His hope is that his story will encourage “our youth to consider preparing themselves to work in needy countries.”
Leona Dueck Penner

Summerbridge member eager to serve

Halifax, Nova Scotia

Photo: Summerbridge 2003 participants. Back: Lisette Laurin Genest (Quebec), Blandine Kapita Kama (Quebec), Belinda Kengadio (Quebec), Danielle Lajeunesse (Quebec), Ruth Ramirez (British Columbia). Front: Joshua Lake (Nova Scotia), Elizabeth Cabezas (Alberta), Marie-Claude Deneault (Quebec), Lucie Dastous (Quebec), Thai Nguyen (Alberta). MC Canada photo.

Joshua Lake isn’t looking to improve his performance when he walks on stage with his guitar. What he really wants, both for himself and his audience, is an encounter with the Spirit of God.

It doesn’t matter “whether we sing the same song for an hour or sit silent, there’s no one way of looking at it,” says Lake, who is serving his community as a volunteer in Mennonite Central Committee’s Summerbridge program. “I’d rather allow the Holy Spirit to do the work.”

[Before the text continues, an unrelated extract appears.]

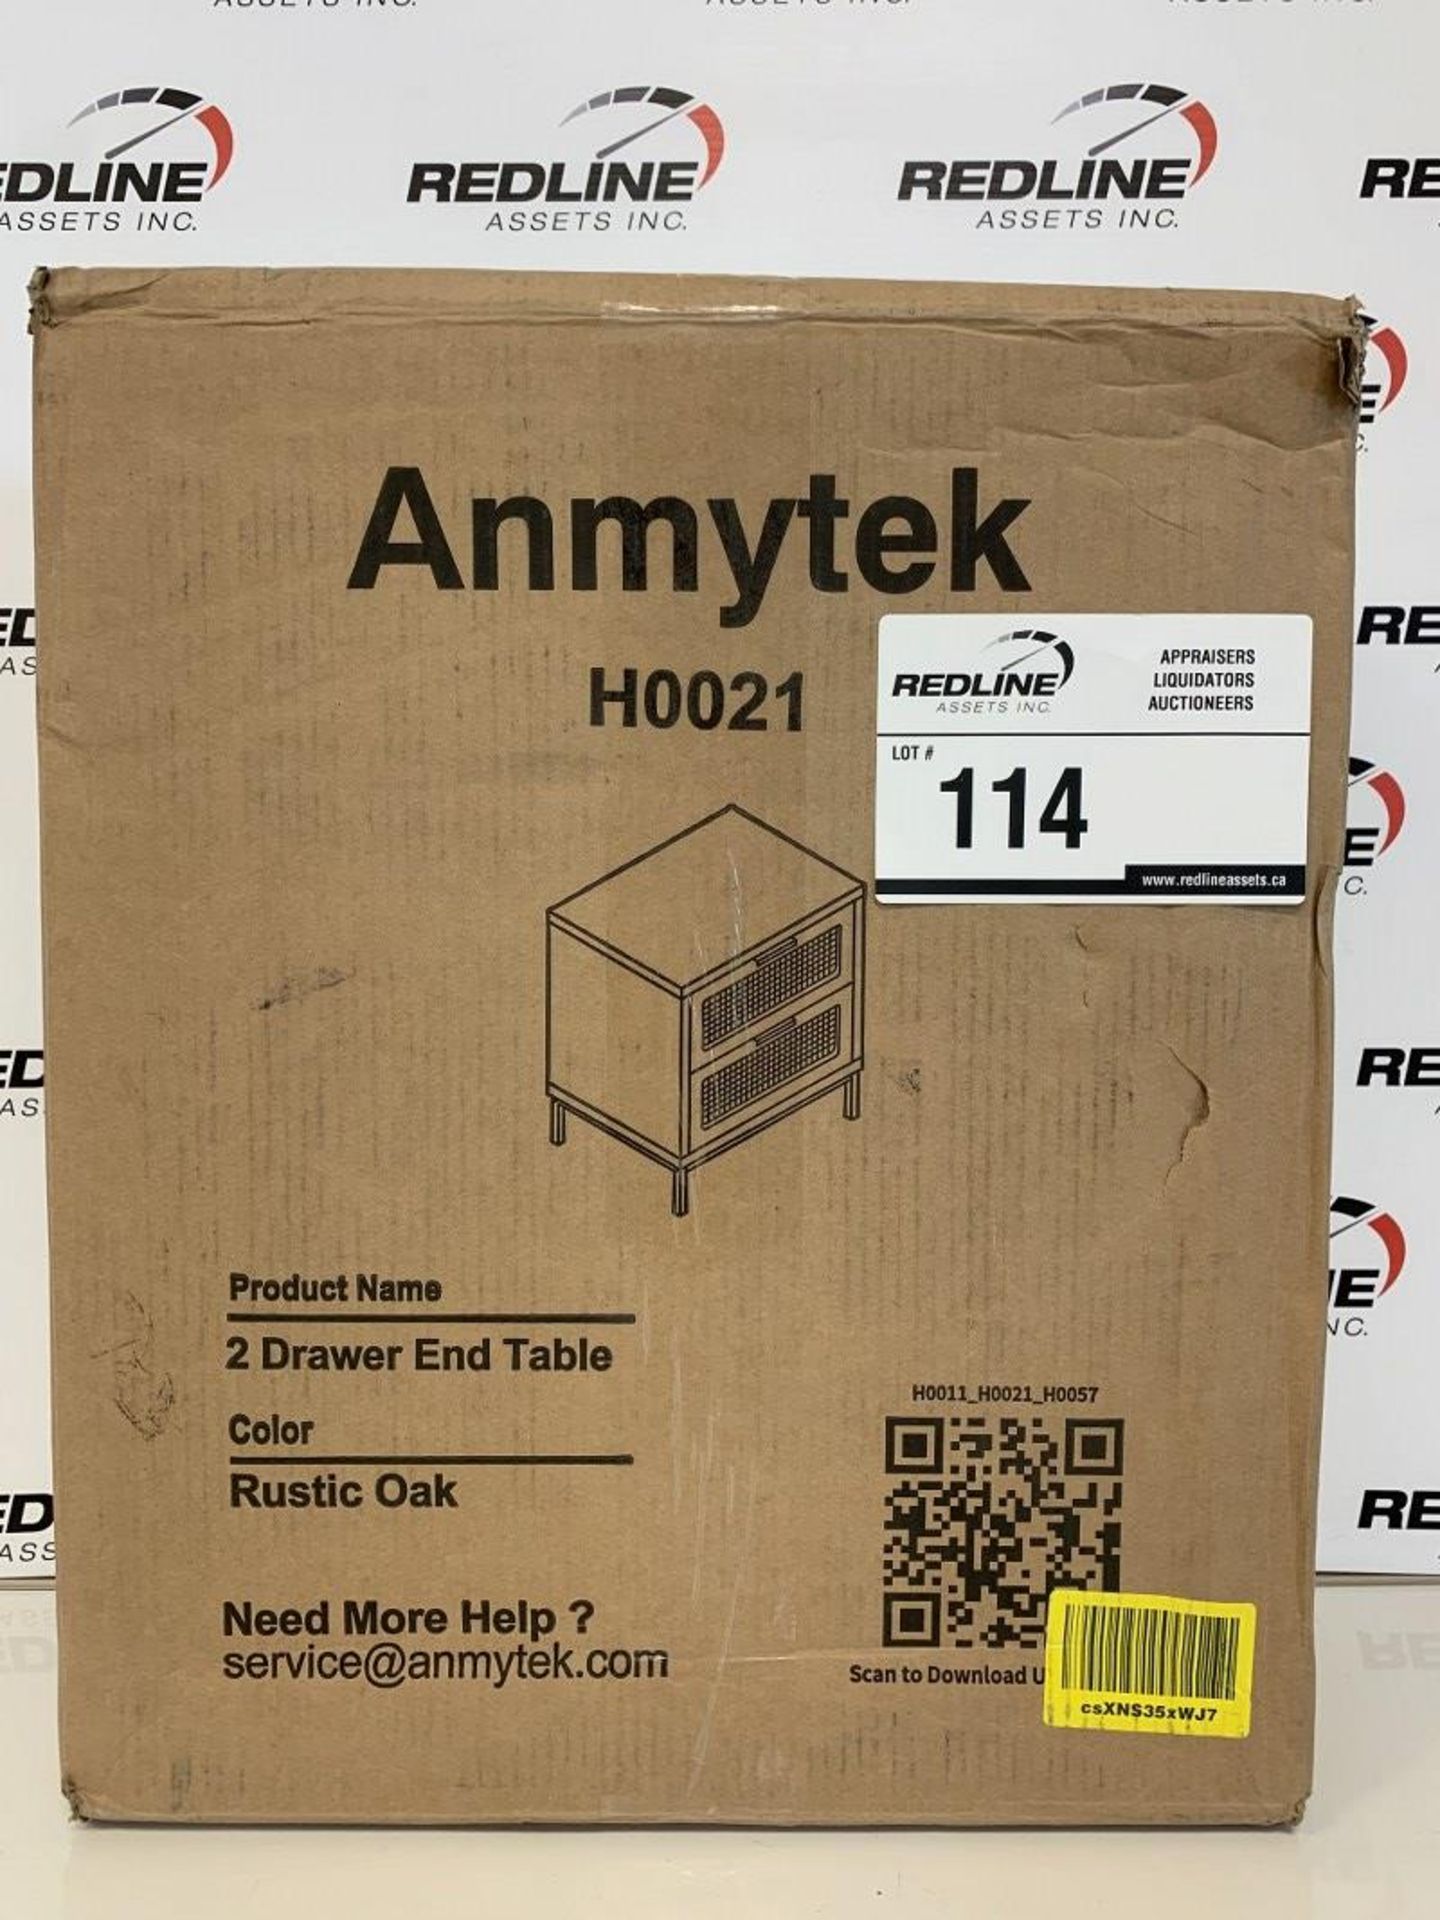 Anmytek - 2 Drawer End Table - Rustic Oak - Image 2 of 2

Summerbridge is a summer program that encourages participants of diverse cultural backgrounds to develop their leadership skills by serving their home community and church. Lake is one of 10 participants from 4 provinces this summer.

Lake is serving as a worship leader at Gateway Mennonite Brethren Community Church in Halifax. It isn’t his first time on stage. Lake traces his church band involvement back to the age of 12 when he first began playing drums. But after seven years, he quit.

“It just became too routine,” he says.

A three-week youth retreat in Winnipeg helped bring back his sense of purpose within the church and re-energized his spirit.

The sense of the Holy Spirit was so strong “that it overwhelmed me,” says Lake. “I could never get enough.”

When he got home, Lake decided to go back to his church worship team. It’s no longer just about the music. The church has a network of people that pray for the worship team.

It helps to keep the band’s focus on the one they’re serving, not the ones they are playing to, says Lake.

As a Summerbridge participant, Lake will be serving not only in his home community. From July 25 to August 10 he expects to be touring with “La Danse Celebration,” a group of 250 musicians and speakers travelling across Canada to worship and build relationships among youth.